## Source material
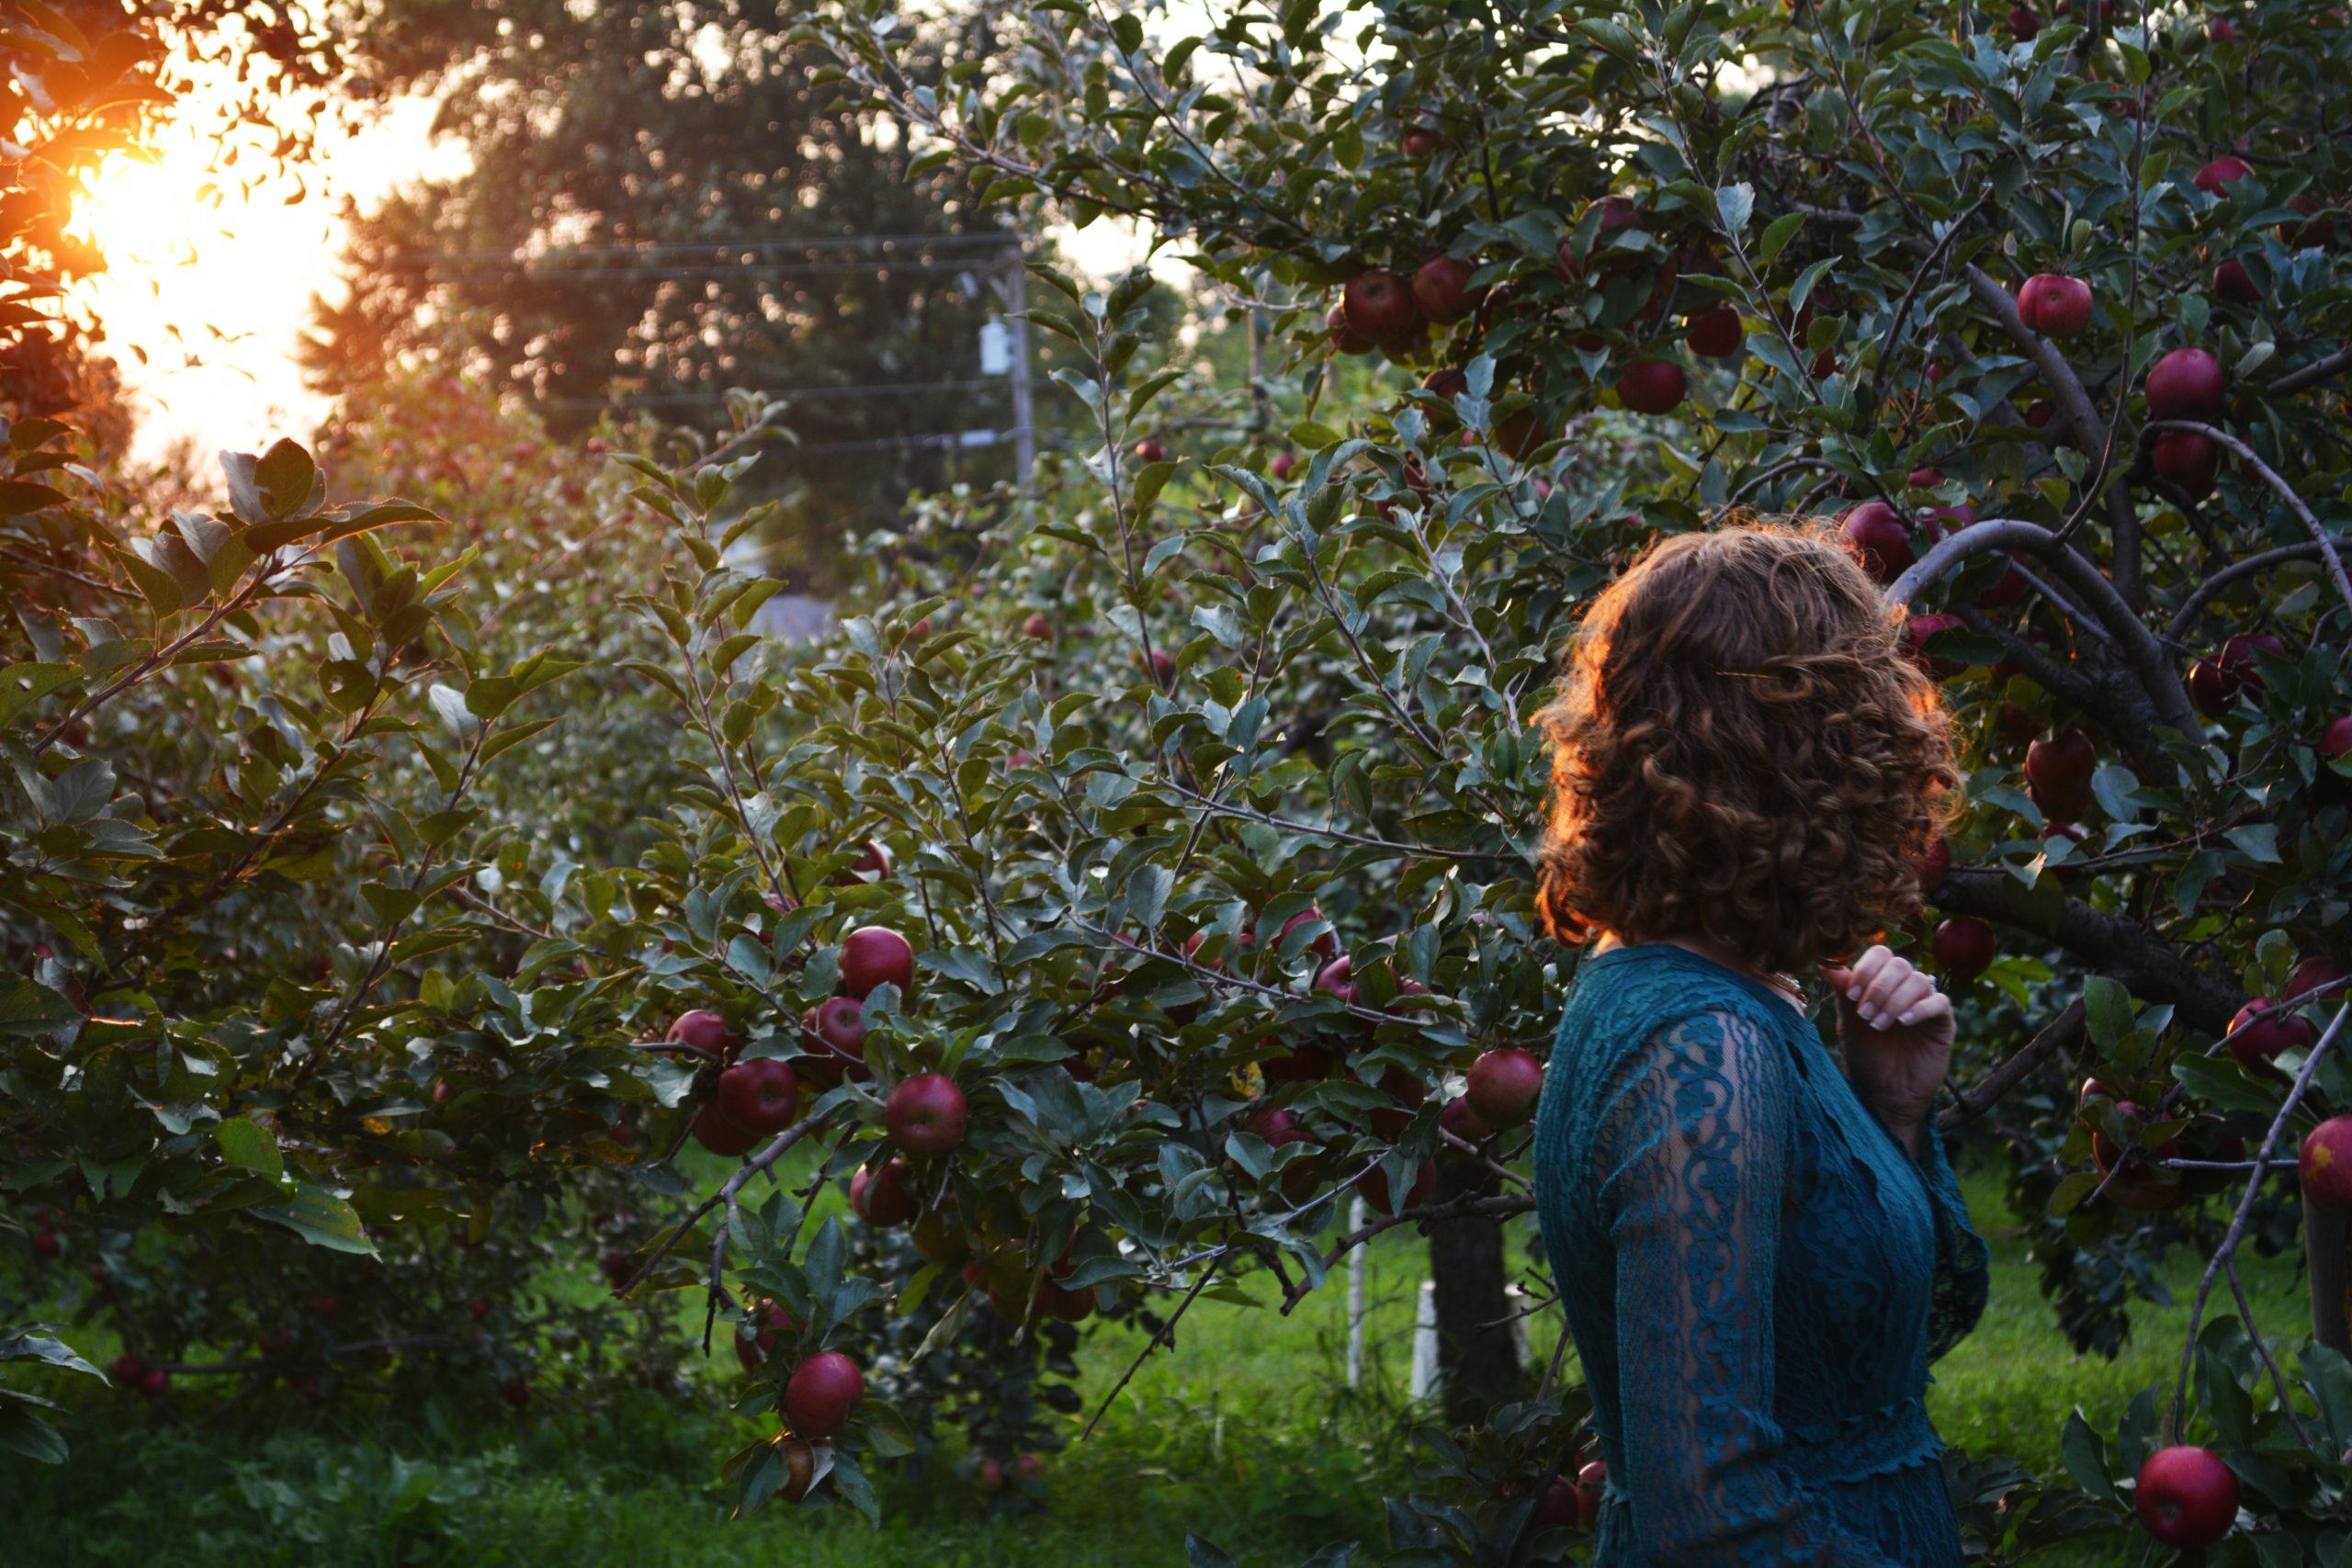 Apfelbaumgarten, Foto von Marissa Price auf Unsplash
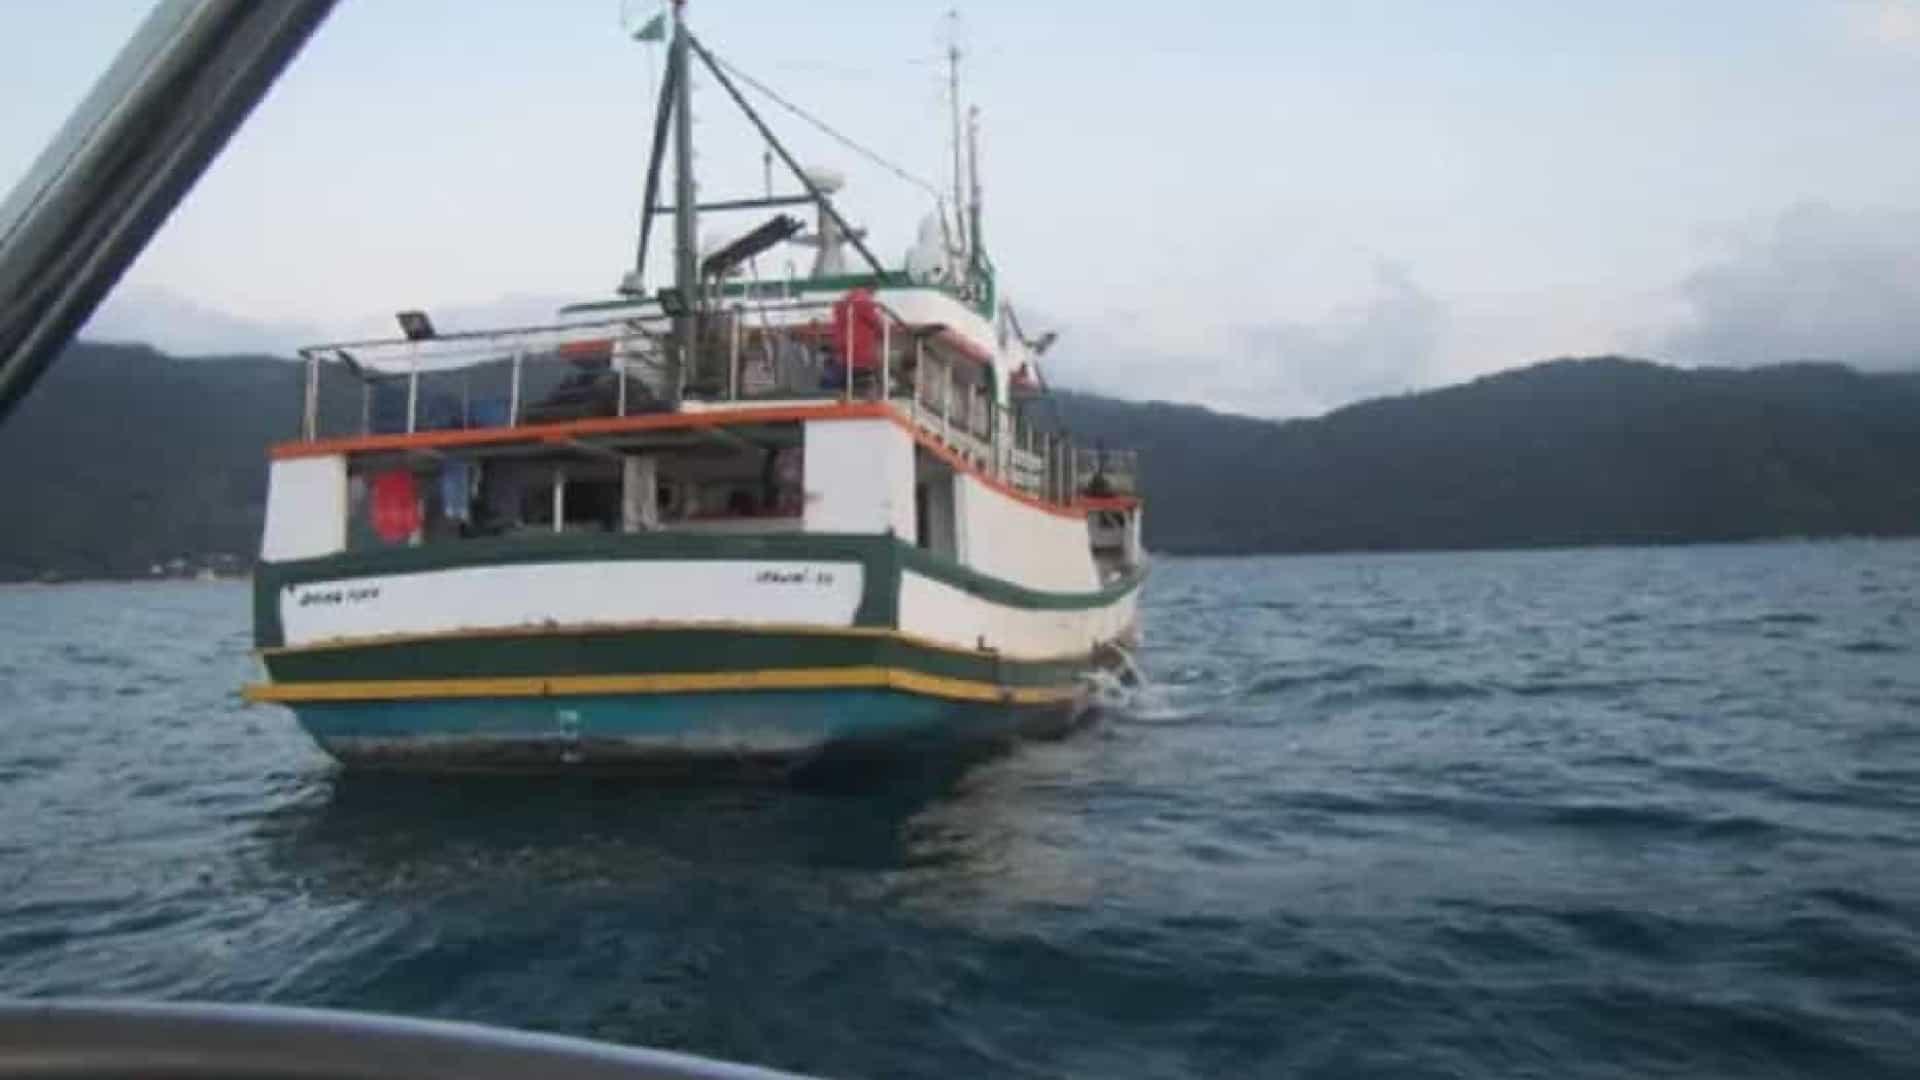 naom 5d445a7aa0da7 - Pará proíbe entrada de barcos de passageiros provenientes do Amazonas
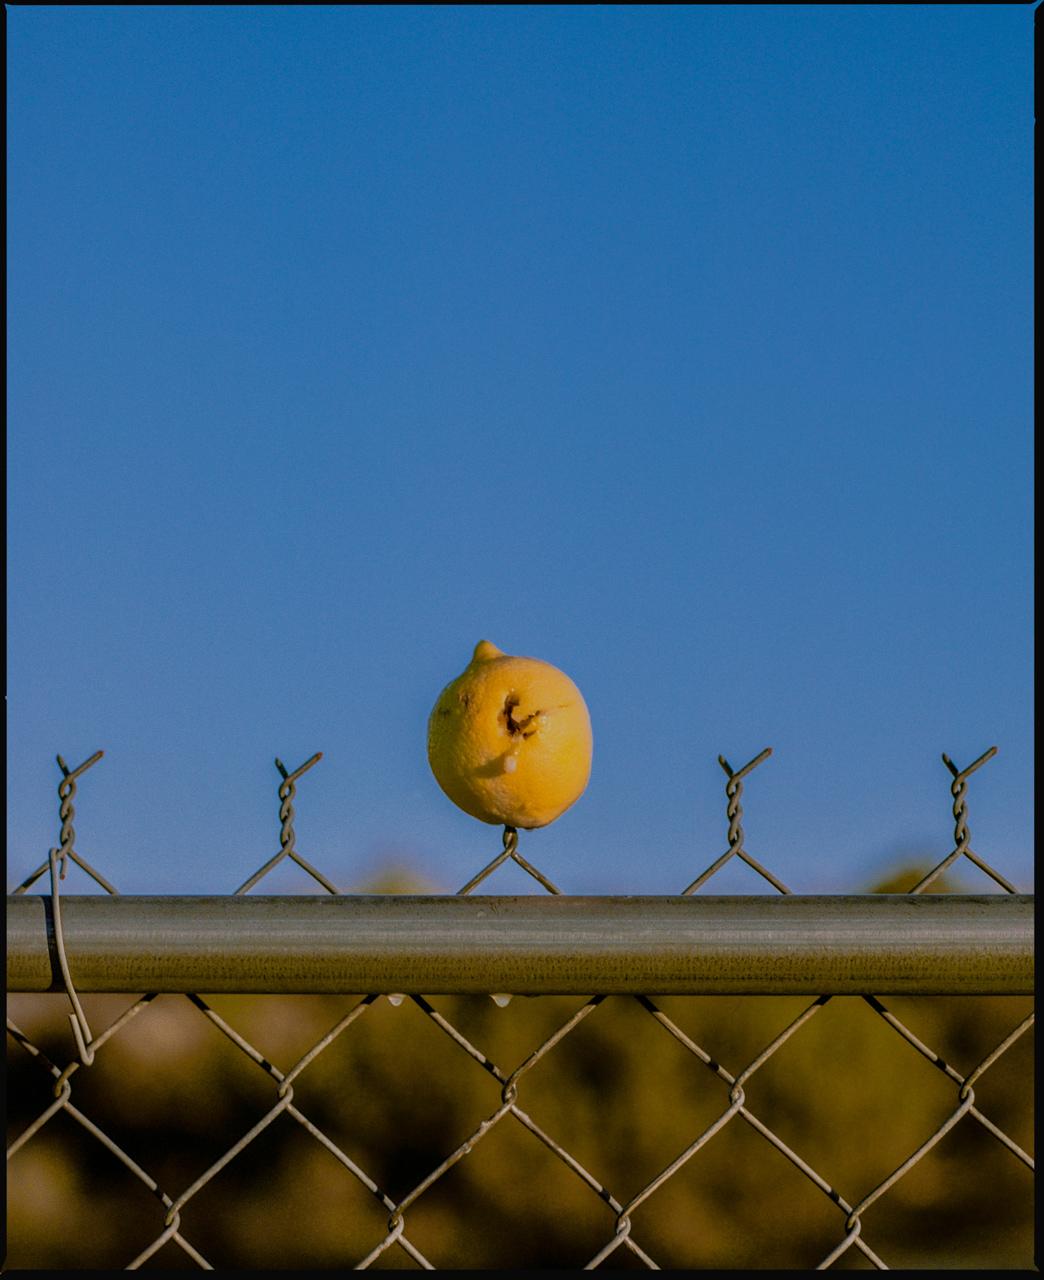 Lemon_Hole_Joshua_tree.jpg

## What is required
Would you print all of the material exactly as written, minus the pictures?

## Exercise output
 Apfelbaumgarten, Foto von Marissa Price auf Unsplash
 naom 5d445a7aa0da7 - Pará proíbe entrada de barcos de passageiros provenientes do Amazonas
 Lemon_Hole_Joshua_tree.jpg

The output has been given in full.